Smart Stent to warn of restenosis

Work is underway to develop a Smart Stent that combines custom made piezoelectric sensors and RFID technology with AI to overcome problems associated with restenosis.

AdobeStock

Restenosis is the re-narrowing of blood vessels that can occur following surgery to insert a stent to relieve conditions such as atherosclerosis, which itself is thickening or hardening of the arteries.

Methods to diagnose this condition are invasive, have limited clinical outcomes and are done only when the patient is already feeling symptoms.

Now, a team from Northumbria University, Bristol University and their partners are embarking on an EPSRC-funded project to develop a Smart Stent that can detect and inform the patient and medical practitioner about stent thrombosis at the stent site, which can develop within 24 hours of implant or after months or several years.

“The proposed Smart Stent differentiates the gradual reduction in blood flow from the more frequent variations due to regular blood-pressure fluctuations, even at a very early stage,” said Dr Yu-Sheng Lin, an Assistant Professor in mechanical engineering at the Southern Taiwan University of Science and Technology.

Dr Kevin Chung-Che Huang, a senior research fellow at Southampton University, explained that the piezoelectric sensor is made using polyvinylidene fluoride (PVDF) and barium titanate (BaTiO3), which are biocompatible materials with good piezoelectric properties.

The sensor, along with a miniature thin-film circuit board, is embedded inside a cylindrical flexible biocompatible polymer material and attached to one end of a bare-metal stent made of cobalt-chromium alloy, added Dr Daniel Ho, Associate Professor of nanophotonics and electrical & electronic engineering at Northumbria University.

The circuit board consists of an amplifier, filter, analogue-to-digital converter, ultra-low power RF transmitter (with a frequency band of 402MHz to 405 MHz), and a power section.

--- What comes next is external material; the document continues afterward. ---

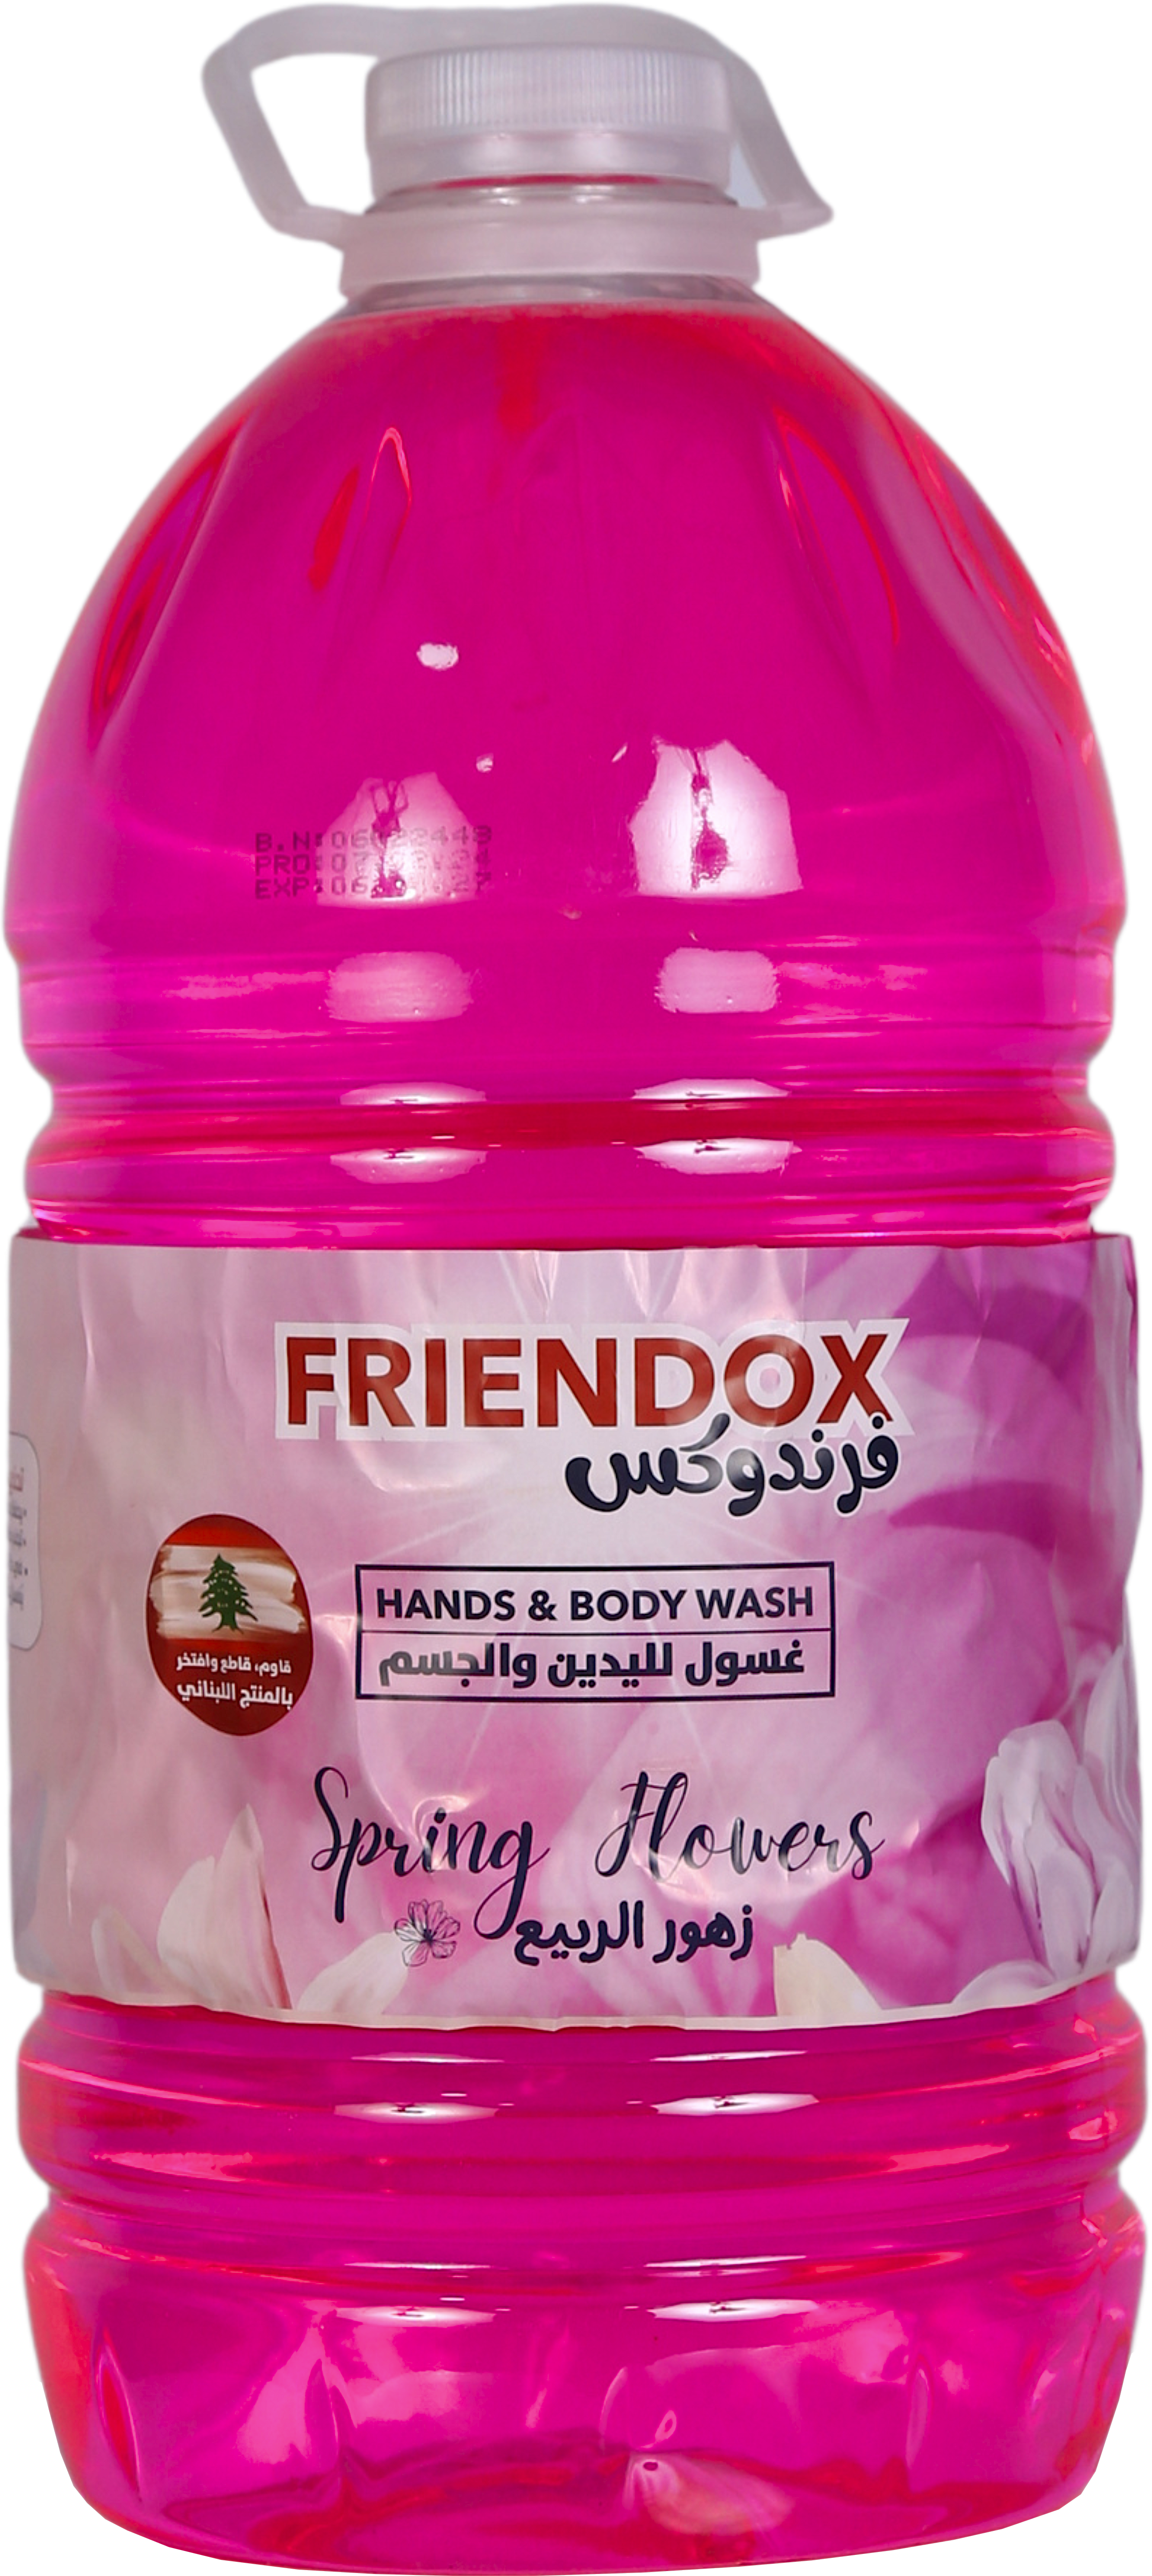 Friendox Hand & Body Wash Spring Flowers 4.75 L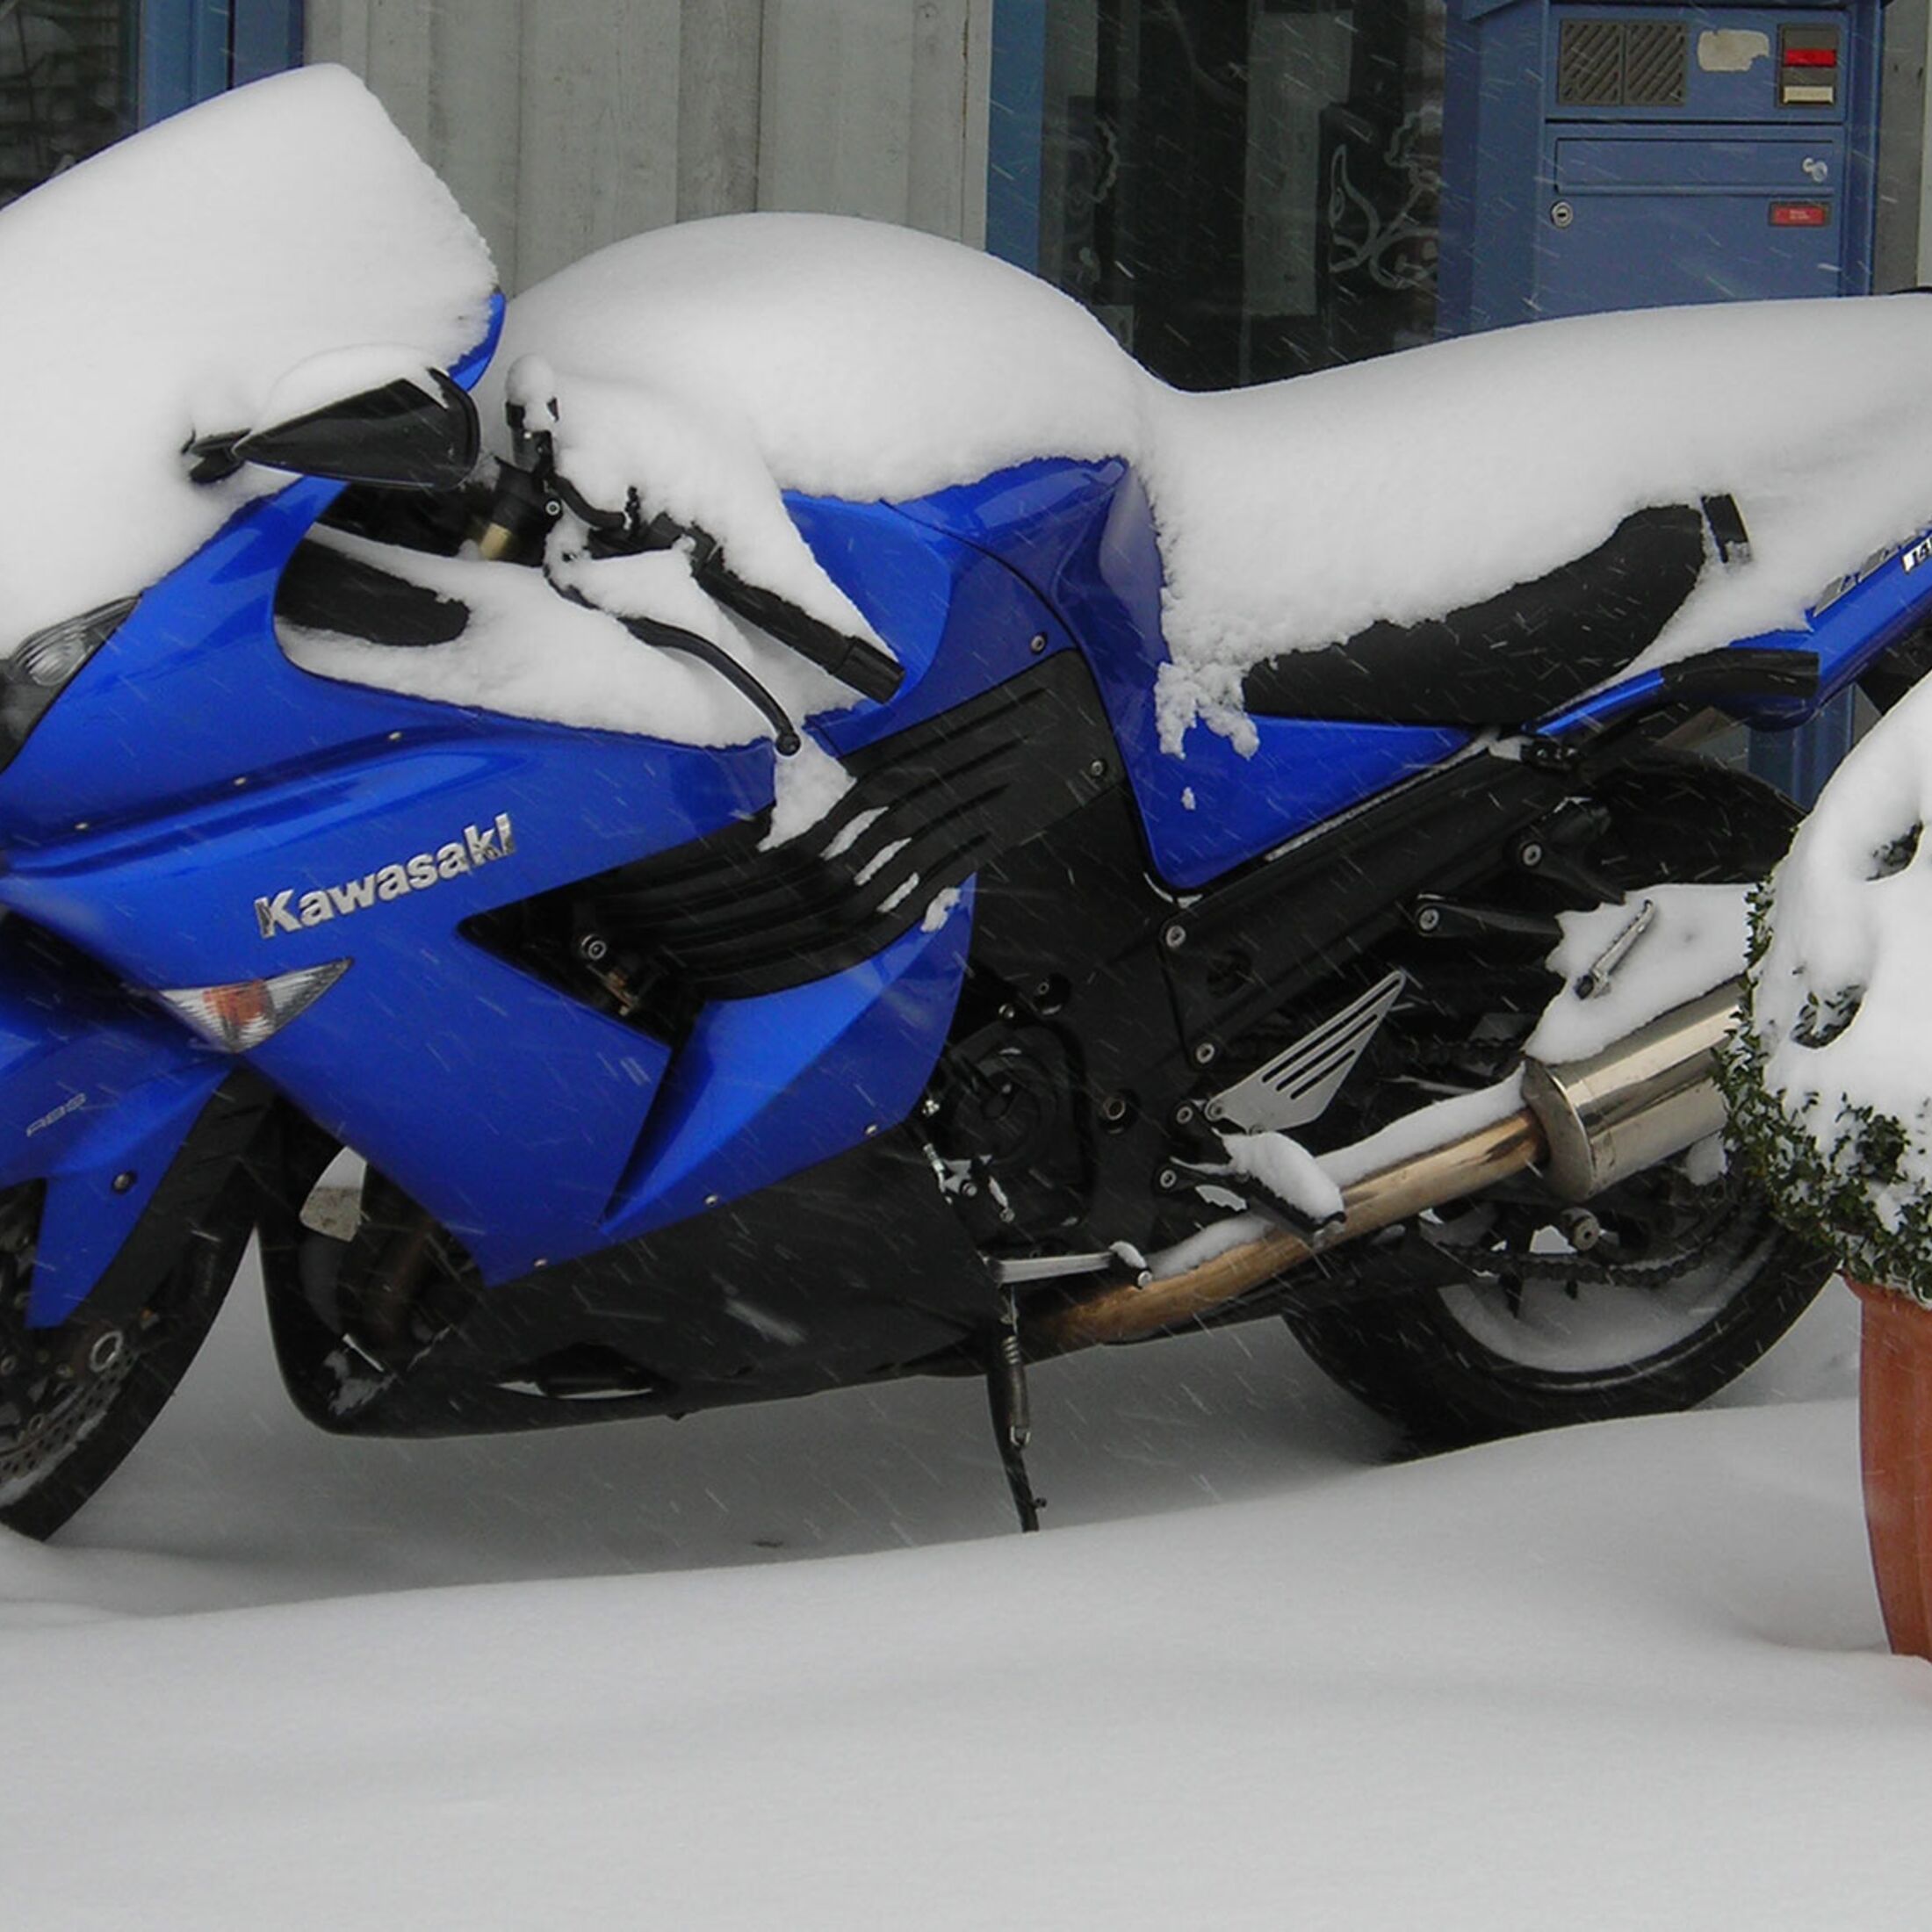 So bereitest du dein Motorrad für die Winterpause vor

The sensor and RF circuitry are ultra-low powered, consuming power in the range of 300μW to 500μW (0.3 to 0.5mW). The RF transmitter is set to send data at intervals of one second, to save power.

The circuit can be powered either from the emf generated from the piezo sensor itself, which the team said needs further research, or wirelessly from an external portable device that should be ‘worn’ by the patient, which receives the RF signal from the Smart Stent, processes it and sends to a cloud service through Wi-Fi.

Google TensorFlow Lite machine-learning model, running in a Coral Edge Tensor-Processing-Unit (TPU) based Application Specific Integrated Circuit (ASIC) is used in the external device to analyse the pulse waveform coming from the Smart Stent and sends it to a secure cloud service to store and transmit to other authorised devices like smartphones, when any abnormalities are sensed.

Ensuring data security, all information collected is encrypted locally before being processed by AI at the edge, which handles essential computations.

“For more complex processing, the system leverages cloud-based computing resources,” said Dr. Shuangyi Yan, senior lecturer in high performance networking & optical Networking at Bristol University. “It employs advanced, privacy-focused machine learning algorithms, applicable during both the training and inference stages. This ensures the user's privacy is maintained throughout the process.”

The Smart Stent project runs for two years and includes Tampere University (Finland), Vietnam Academy of Science & Technology, Southern Taiwan University of Science and Technology, and YMECO as partners.